VSA - Video Sparse Attention Kernel

0.1.7 verified Sat May 09 auth: no python

VSA (Video Sparse Attention) is a CUDA kernel for efficient sparse attention in video diffusion models, part of the FastVideo library. Current version 0.0.5 (PyPI) and 0.1.7 (GitHub release). Development is active with frequent releases. Requires Python >=3.10 and CUDA toolkit.

pip install vsa

Common errors

error ModuleNotFoundError: No module named 'vsa' ↓

cause VSA not installed or installed incorrectly.

fix

Run: pip install vsa

error RuntimeError: CUDA error: no kernel image is available for execution on the device ↓

cause VSA kernel compiled for a different CUDA architecture than the GPU supports.

fix

Set environment variable TORCH_CUDA_ARCH_LIST before installation, e.g., export TORCH_CUDA_ARCH_LIST="8.0" for Ampere.
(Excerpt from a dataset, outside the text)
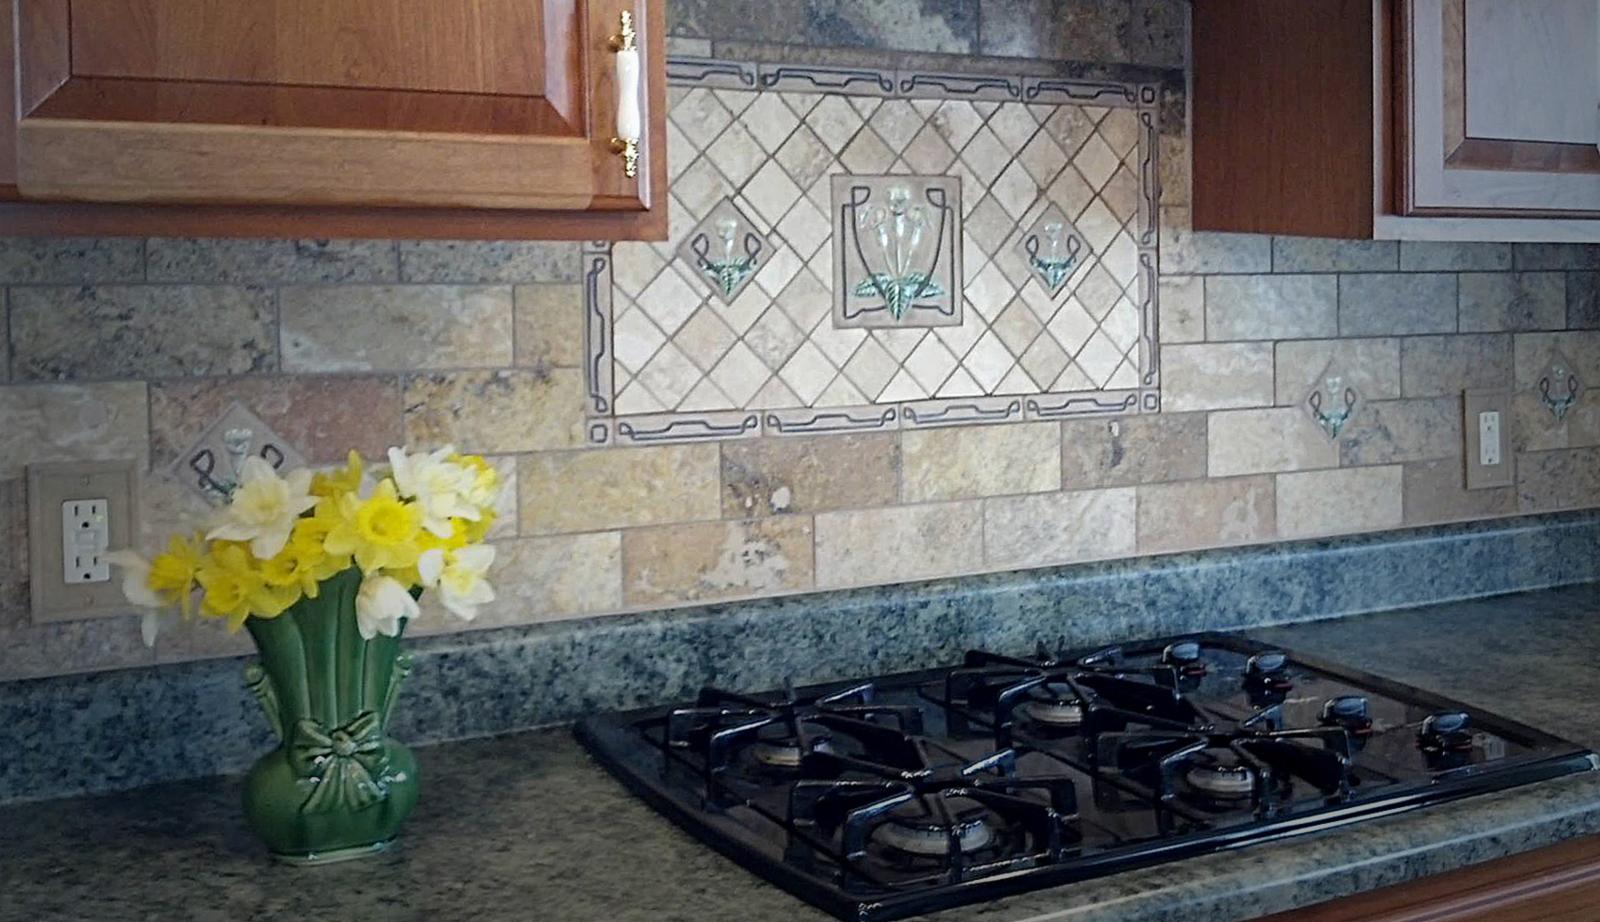 shearrow-tile-installation.jpg

error ImportError: libcuda.so: cannot open shared object file ↓

cause CUDA driver library not found.

fix

Install NVIDIA drivers and ensure LD_LIBRARY_PATH includes CUDA library path.

Warnings

breaking PyPI version 0.0.5 is outdated and may have API incompatibilities with the latest GitHub releases. ↓

fix Install directly from GitHub or wait for a new PyPI release: pip install git+https://github.com/hao-ai-lab/FastVideo.git#subdirectory=csrc/attn/video_sparse_attn

gotcha VSA requires a CUDA-compatible GPU and the CUDA Toolkit to be installed. Without it, import will fail. ↓

fix Ensure nvcc is in PATH and torch is CUDA-enabled.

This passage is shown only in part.